The warnings are not there for decoration!

So. You know those warnings on pill bottles? The ones that say things like “swallow whole – do not chew or crush”? The ones that give you instructions on how to take the medication? Well, here’s a novel concept for y’all: they aren’t there for decoration. This is the story about how my home nurse could have fucking killed me all because she didn’t read a label. All because of a choice she made.

I have not gotten along with this nurse for, well, a long time. She had never heard of my particular eating disorder… despite working at one of the best eating disorder clinic in the country, if not world. She kept trying to blame everything on my mental health. She just realized I had had major back surgery a couple weeks prior to when I discovered what was happening. She gave me gross, in depth details about her sinuses and ear infections, complaining to the girl with a weakened immune system that she “didn’t like being sick”. Told me that I HAD (not should, not should look into, not it might be a good idea) to do yoga and mediate. Whatever. Annoying as fuck, but with some things you just gotta put up with it.

I had run out of my 50 mg tablets for the medicine in question, so she took it upon herself to cut them in half. Despite the HUGE warning on the label “swallow whole – do not chew or crush.” Even though most basic rules of medicine is you never cut an XR/ER tablet. This is a HUGE mistake – not a rookie one. Everyone I have talked to knows this is something you don’t do. It can either overdose or underdose a patient. If you suddenly change your dosage of an SNRI, you go through withdrawal. She caused Antidepressant discontinuation syndrome. Which can, in rare cases, be fatal.

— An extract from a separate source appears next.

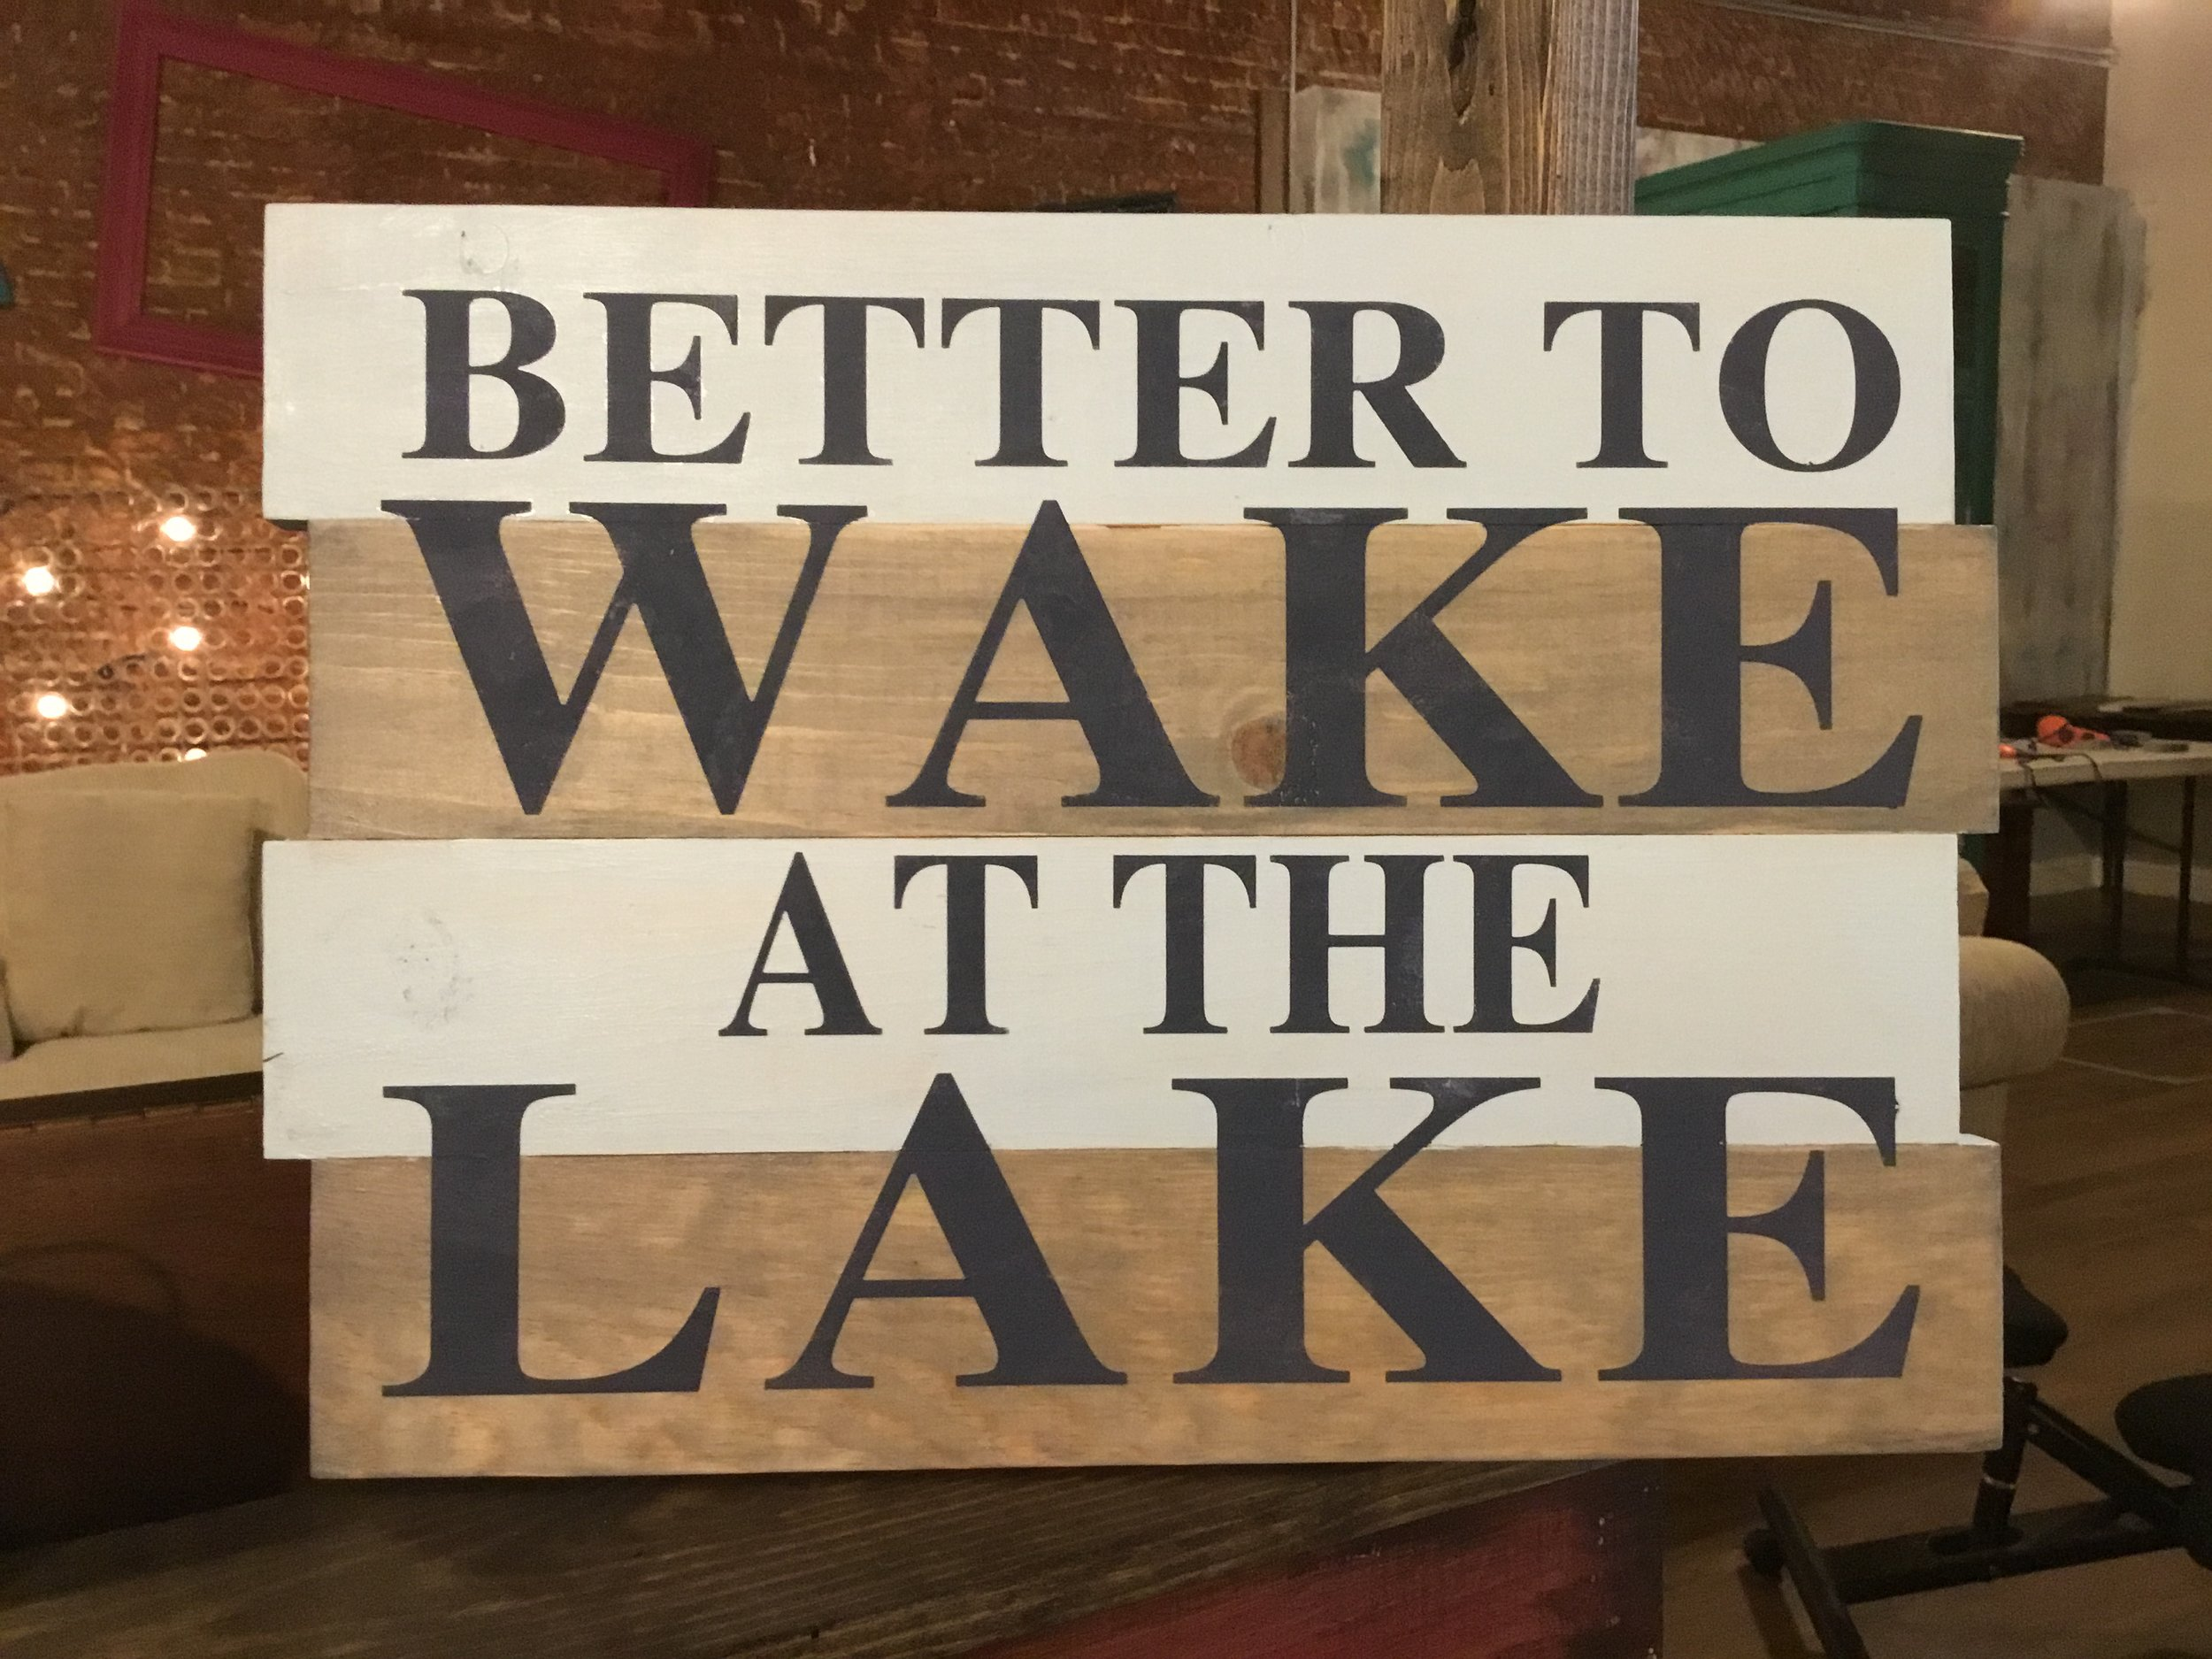 Better to wake at the Lake

She could have killed me. I could not be typing right now. I could be in the hospital. All because she didn’t read a label. The labels aren’t there for decoration. The labels aren’t there just because the pharmacist felt like slapping them on. When people say antidepressant withdrawal is a huge deal? It is a HUGE fucking deal. I plead with you because of this, NEVER split your extended release tablets in half, no matter what. And never EVER stop cold turkey – you get very, very sick very, very, quickly. I nearly went to the ER with my problems because I didn’t know why I was so sick. And now I do. And now I’m pissed.

What now?

First, I would like to some questions. Some that I actually got, some that I know people are wondering.

  1. Why can’t you do your meds yourself?
    1. In my state, I qualify for what is known as a CADI waiver which means I qualify for nursing home level of care.
    2. I am low vision, autistic, and have chronic pain. These things combined make it near impossible for me to manage my meds myself when the number tops one dozen.
  2. How did you not notice?
    1. First, I did suspect something was amiss just a few days prior. I figured I would find out the next time.
    2. I am low vision, as I said. My pills come out in a medicine cup from an automated machine like this and being low vision, I have trouble telling the pills apart.
  3. Why didn’t you confront her when she told you?
    1. I went into shutdown. I was completely overloaded and basically incapable of talking beyond basic “uh huh” and “huh uh”
    2. Even if I hadn’t, I wanted to talk with my case workers and doctors – I wanted any confronting on my end to be done with a paper trail. Although, my state is a single party recording state (meaning only one party has to consent) so I would be able to record any further interactions. I did block her  cell phone number and told my case manager she is never to set foot on premises again.
  4. What happens now?
    1. I don’t know. I am waiting for any legal action until I see my primary doctor next.

Second, I will be getting a new nurse soon. We are completely changing agencies. But… I am scared. I am terrified. Chronically disabled people often don’t trust their providers, with damn good reason. This has shattered my trust even further. We put our lives in the hands of someone else, and we are at their mercy. But if we don’t, then we get sick anyway because we cannot do it ourselves.

There is no fix. There is no way to make it easier. This is what it’s like living when you are chronically ill. You have to trust people who can kill you with one little mistake. And it’s utterly terrifying.